4. Where protein is already in solution, it is important to note that the pH should be adjusted
to around 8.0, and the DTT and urea concentrations should be made at least 10 mM and
8 M, respectively.
5. Other ratios of iodoacetic acid to iodoacetamide may need to be used if more than about
eight cysteine residues are expected, since a sufficiently intense band corresponding
to every component in the complete range of charged species may not be visible.
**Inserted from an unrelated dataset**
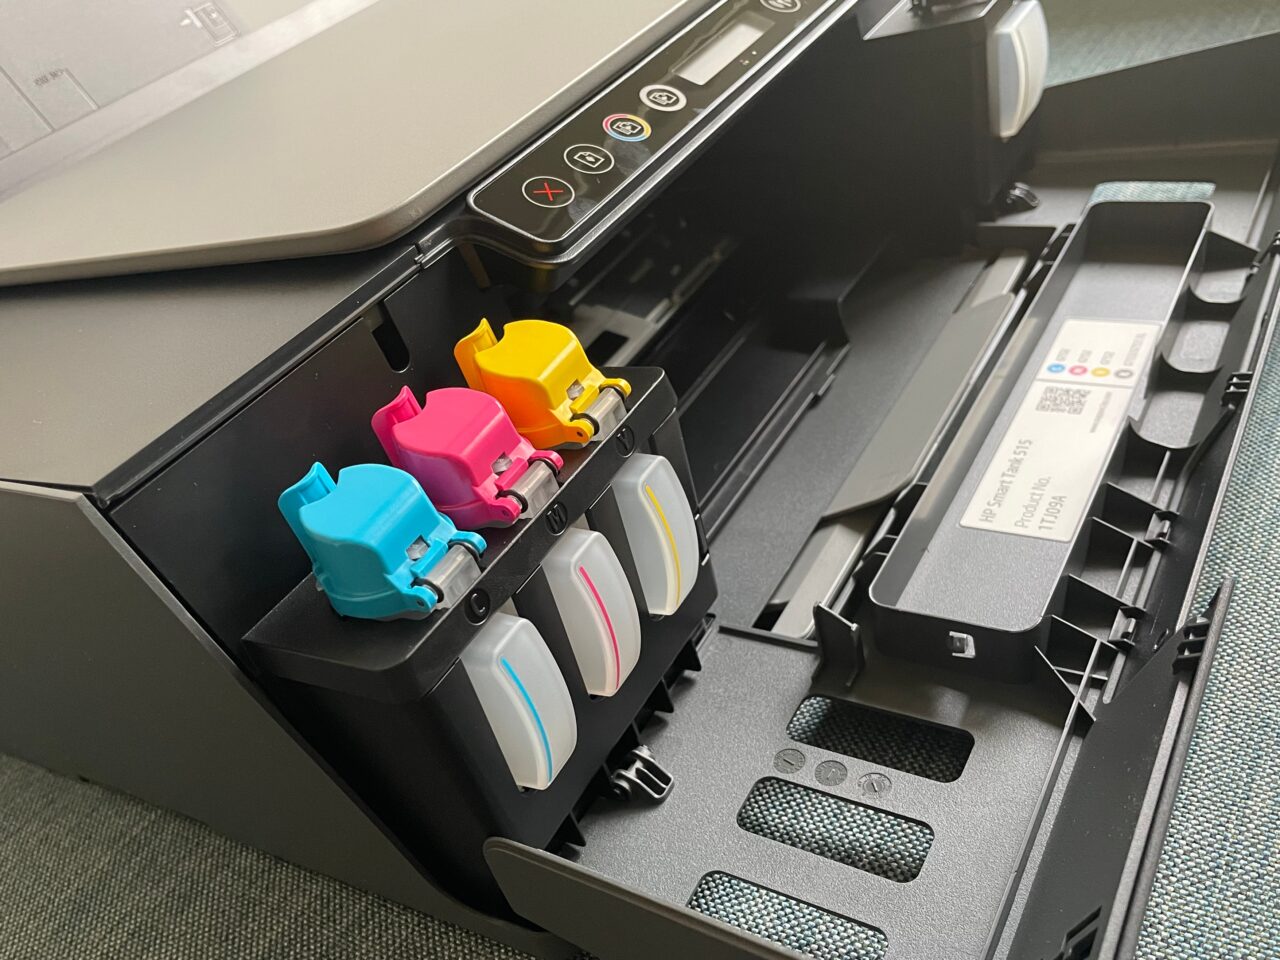 Wnętrze otwartej drukarki biurowej z widocznymi kolorowymi pojemnikami z tuszem w kolorach cyjanku, magenty, żółci i czerni.
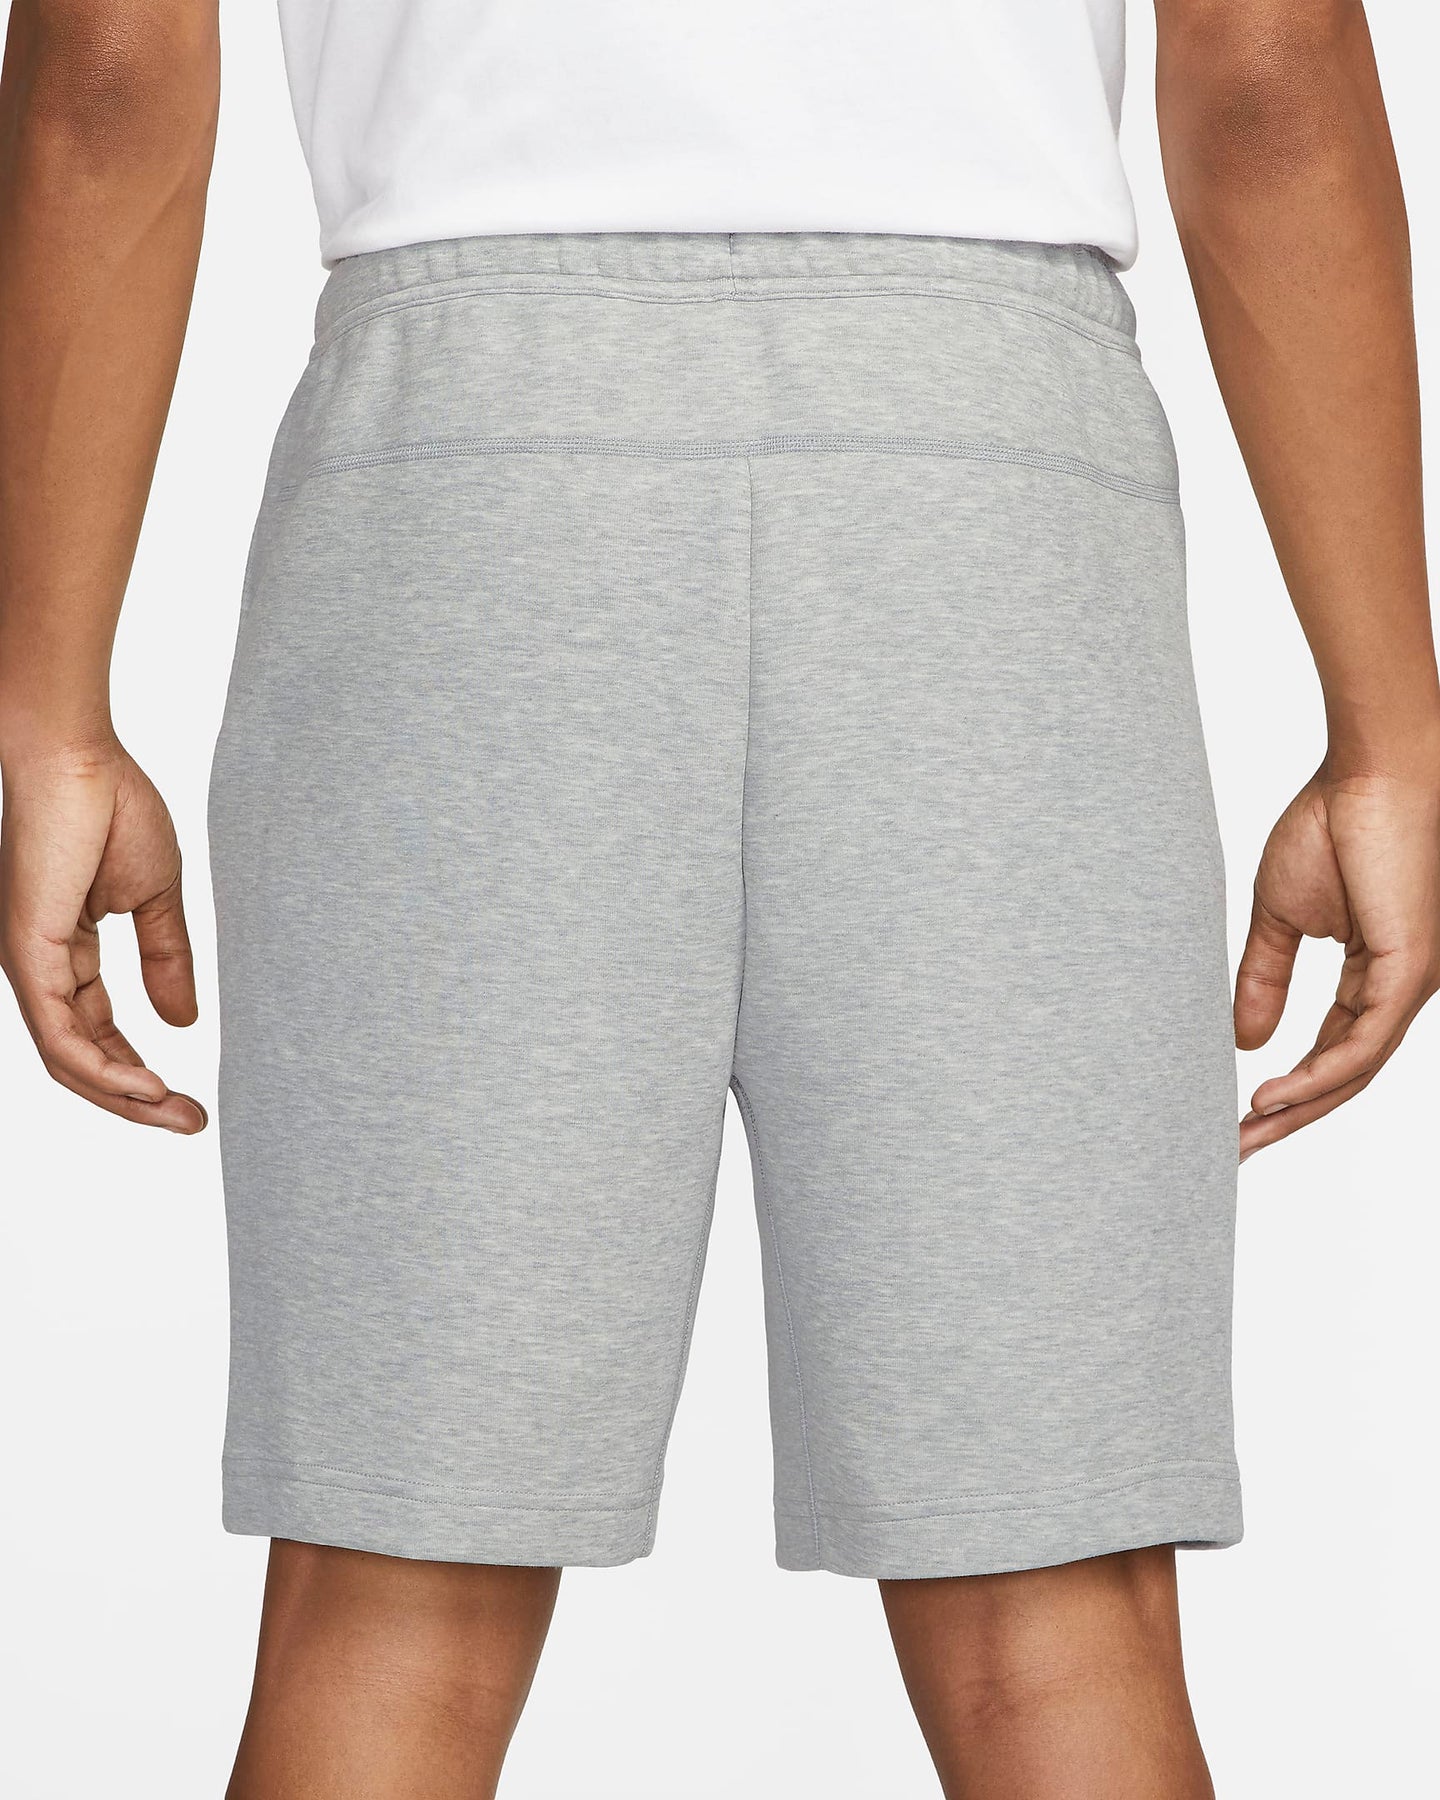 Nike Sportswear Tech Fleece Shorts – PRIVATE SNEAKERS

A
greater ratio of iodoacetic acid should be used if the more acidic species are too faint (and
vice versa).
References
1. Creighton, T. E. (1980) Counting integral numbers of amino acid residues per polypeptide
chain. Nature 284, 487,488.
2. Freedman R. B., Hirst, T. R., and Tuite, M. F. (1994) Protein disulphide isomerase: building
bridges in protein folding. Trends Biochem. Sci. 19, 331–336.
3. Creighton, T. E. (1989) Disulphide bonds between cysteine residues, in Protein
Structure—a Practical Approach (Creighton, T. E., ed.), IRL, Oxford, pp. 155–167.
4. Freedman, R. B. (1984) Native disulphide bond formation in protein biosynthesis; evidence
for the role of protein disulphide isomerase. Trends Biochem. Sci. 9, 438–441.
5. Feinstein, A. (1966) Use of charged thiol reagents in interpreting the electrophoretic
patterns of immune globulin chains and fragments. Nature 210, 135–137.